### Problem to work on
Every line below from the one containing "Warren Gatland: Rugby" through the one containing "close up of" must be transcribed exactly. Omit all lines outside that stretch.

### Exercise data
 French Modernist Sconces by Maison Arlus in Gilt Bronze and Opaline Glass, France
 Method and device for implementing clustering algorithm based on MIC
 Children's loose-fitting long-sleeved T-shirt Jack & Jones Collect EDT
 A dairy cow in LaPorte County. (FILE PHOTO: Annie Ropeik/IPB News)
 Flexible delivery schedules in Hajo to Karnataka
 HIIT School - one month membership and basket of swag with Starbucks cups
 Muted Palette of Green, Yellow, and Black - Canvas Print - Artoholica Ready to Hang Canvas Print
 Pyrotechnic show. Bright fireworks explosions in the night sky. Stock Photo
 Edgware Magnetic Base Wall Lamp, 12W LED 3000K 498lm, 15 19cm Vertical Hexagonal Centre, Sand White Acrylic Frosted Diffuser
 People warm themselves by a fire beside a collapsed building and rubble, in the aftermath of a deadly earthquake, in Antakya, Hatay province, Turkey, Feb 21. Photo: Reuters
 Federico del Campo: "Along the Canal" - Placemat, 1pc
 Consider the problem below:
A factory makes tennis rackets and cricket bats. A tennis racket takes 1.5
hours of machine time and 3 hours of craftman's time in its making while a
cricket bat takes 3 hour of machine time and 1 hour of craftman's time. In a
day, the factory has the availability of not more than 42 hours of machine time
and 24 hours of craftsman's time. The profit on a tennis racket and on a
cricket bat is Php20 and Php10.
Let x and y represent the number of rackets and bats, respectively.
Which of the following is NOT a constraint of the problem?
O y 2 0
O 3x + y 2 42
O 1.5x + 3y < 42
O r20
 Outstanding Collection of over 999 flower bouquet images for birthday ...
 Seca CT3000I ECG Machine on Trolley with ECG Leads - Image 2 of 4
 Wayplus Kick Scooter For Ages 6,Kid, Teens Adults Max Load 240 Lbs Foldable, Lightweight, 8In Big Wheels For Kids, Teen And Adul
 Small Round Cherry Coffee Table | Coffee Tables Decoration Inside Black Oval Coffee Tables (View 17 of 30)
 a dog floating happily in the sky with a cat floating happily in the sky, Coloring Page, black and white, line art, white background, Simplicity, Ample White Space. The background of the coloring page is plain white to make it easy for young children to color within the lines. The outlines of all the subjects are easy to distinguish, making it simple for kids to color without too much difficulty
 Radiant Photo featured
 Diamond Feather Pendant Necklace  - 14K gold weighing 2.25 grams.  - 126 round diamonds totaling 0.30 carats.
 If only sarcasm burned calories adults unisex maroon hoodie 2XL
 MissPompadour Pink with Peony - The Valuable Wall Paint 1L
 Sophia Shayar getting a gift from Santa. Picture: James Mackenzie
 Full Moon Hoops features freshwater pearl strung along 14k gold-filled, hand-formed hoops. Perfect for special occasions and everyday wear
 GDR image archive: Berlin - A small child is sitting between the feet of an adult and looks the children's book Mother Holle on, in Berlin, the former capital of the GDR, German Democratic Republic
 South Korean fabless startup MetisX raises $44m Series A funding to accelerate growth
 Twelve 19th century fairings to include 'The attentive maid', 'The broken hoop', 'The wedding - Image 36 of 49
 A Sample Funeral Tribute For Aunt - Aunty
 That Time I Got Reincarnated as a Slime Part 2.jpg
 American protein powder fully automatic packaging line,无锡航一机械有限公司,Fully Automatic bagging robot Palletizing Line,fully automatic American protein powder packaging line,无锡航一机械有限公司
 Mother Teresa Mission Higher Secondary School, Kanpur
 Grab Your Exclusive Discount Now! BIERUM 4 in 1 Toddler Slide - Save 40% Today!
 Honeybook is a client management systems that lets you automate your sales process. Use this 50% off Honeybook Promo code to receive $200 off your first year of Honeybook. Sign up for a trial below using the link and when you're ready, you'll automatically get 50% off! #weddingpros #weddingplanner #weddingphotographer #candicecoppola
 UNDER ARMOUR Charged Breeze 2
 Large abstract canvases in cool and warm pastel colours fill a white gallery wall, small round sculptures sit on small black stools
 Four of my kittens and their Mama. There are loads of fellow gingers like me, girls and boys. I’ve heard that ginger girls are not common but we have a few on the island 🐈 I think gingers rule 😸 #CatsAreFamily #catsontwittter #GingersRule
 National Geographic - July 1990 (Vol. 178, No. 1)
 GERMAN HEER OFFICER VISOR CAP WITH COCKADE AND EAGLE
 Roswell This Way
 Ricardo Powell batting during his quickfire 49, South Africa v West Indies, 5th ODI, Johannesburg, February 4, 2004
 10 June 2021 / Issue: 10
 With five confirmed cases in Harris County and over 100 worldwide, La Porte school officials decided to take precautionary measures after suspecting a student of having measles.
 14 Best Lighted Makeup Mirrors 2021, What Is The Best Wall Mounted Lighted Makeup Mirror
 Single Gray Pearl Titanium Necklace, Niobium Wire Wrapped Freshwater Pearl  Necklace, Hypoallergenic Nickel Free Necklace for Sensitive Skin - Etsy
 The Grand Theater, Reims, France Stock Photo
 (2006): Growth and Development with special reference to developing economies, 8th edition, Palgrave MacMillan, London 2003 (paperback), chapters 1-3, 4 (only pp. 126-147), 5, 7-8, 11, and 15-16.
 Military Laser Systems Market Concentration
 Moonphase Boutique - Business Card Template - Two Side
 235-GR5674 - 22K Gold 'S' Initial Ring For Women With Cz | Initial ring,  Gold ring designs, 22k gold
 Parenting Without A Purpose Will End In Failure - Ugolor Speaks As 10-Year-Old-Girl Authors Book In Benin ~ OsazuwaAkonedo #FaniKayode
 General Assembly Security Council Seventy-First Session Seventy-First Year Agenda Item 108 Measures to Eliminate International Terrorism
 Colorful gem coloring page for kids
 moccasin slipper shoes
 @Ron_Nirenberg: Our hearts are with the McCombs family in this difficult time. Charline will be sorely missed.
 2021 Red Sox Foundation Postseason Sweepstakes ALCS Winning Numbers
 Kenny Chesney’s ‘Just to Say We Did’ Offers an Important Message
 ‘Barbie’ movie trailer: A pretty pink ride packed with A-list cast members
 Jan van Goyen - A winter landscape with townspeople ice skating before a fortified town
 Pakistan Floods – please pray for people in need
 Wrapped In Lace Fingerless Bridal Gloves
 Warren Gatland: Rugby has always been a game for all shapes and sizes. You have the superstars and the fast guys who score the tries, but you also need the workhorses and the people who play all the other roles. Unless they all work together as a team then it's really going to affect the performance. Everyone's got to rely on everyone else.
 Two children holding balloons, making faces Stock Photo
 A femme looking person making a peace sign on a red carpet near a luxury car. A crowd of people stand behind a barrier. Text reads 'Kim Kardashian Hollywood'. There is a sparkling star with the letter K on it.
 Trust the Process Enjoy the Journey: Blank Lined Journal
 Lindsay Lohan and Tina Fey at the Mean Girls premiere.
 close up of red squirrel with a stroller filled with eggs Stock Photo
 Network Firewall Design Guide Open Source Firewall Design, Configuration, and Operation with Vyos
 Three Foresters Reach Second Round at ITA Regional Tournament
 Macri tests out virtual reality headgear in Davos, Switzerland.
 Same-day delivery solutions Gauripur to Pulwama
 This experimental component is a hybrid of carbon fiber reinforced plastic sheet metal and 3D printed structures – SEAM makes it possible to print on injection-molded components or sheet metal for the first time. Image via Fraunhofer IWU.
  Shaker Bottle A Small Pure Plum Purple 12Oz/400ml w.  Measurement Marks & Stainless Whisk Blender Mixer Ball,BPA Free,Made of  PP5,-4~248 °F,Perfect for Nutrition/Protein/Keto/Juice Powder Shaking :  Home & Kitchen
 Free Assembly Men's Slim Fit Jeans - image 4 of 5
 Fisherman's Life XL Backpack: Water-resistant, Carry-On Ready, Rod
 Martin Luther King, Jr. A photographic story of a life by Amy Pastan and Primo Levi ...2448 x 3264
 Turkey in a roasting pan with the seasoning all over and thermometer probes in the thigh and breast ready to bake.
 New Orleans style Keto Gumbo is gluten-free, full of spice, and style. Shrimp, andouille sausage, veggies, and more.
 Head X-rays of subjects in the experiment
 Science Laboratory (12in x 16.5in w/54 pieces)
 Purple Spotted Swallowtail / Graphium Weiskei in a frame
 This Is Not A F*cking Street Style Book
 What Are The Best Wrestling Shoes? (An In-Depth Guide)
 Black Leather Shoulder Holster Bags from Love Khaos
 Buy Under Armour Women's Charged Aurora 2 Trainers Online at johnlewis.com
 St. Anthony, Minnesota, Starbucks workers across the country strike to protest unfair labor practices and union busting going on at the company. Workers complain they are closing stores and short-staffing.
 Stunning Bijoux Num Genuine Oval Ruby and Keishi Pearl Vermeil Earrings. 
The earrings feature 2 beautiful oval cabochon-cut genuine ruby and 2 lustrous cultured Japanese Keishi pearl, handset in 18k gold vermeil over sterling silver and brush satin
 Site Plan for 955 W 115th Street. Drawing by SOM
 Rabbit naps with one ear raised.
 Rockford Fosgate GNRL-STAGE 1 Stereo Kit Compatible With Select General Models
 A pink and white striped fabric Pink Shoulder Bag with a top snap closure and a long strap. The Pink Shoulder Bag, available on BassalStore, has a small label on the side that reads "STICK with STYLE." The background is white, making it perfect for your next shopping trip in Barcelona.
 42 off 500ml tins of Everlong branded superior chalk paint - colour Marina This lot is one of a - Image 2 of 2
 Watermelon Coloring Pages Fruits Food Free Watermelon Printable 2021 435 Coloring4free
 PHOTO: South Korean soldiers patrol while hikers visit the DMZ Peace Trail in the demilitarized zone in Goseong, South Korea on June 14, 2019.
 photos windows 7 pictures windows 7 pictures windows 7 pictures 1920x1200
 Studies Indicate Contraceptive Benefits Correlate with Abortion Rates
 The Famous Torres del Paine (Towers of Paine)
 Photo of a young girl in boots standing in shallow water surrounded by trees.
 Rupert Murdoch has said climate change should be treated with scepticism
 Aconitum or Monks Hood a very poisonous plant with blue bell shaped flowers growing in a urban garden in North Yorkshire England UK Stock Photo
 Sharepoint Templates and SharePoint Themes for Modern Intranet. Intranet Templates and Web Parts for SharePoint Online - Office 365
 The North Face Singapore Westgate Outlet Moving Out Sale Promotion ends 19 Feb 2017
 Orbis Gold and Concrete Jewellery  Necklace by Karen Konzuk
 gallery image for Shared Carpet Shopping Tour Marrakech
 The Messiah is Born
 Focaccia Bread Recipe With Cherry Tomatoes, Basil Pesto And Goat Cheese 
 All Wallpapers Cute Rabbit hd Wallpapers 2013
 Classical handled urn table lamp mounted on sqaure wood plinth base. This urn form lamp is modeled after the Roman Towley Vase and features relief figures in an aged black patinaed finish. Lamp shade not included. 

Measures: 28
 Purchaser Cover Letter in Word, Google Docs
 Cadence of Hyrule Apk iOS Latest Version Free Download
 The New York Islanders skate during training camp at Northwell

### Exercise response
 Warren Gatland: Rugby has always been a game for all shapes and sizes. You have the superstars and the fast guys who score the tries, but you also need the workhorses and the people who play all the other roles. Unless they all work together as a team then it's really going to affect the performance. Everyone's got to rely on everyone else.
 Two children holding balloons, making faces Stock Photo
 A femme looking person making a peace sign on a red carpet near a luxury car. A crowd of people stand behind a barrier. Text reads 'Kim Kardashian Hollywood'. There is a sparkling star with the letter K on it.
 Trust the Process Enjoy the Journey: Blank Lined Journal
 Lindsay Lohan and Tina Fey at the Mean Girls premiere.
 close up of red squirrel with a stroller filled with eggs Stock Photo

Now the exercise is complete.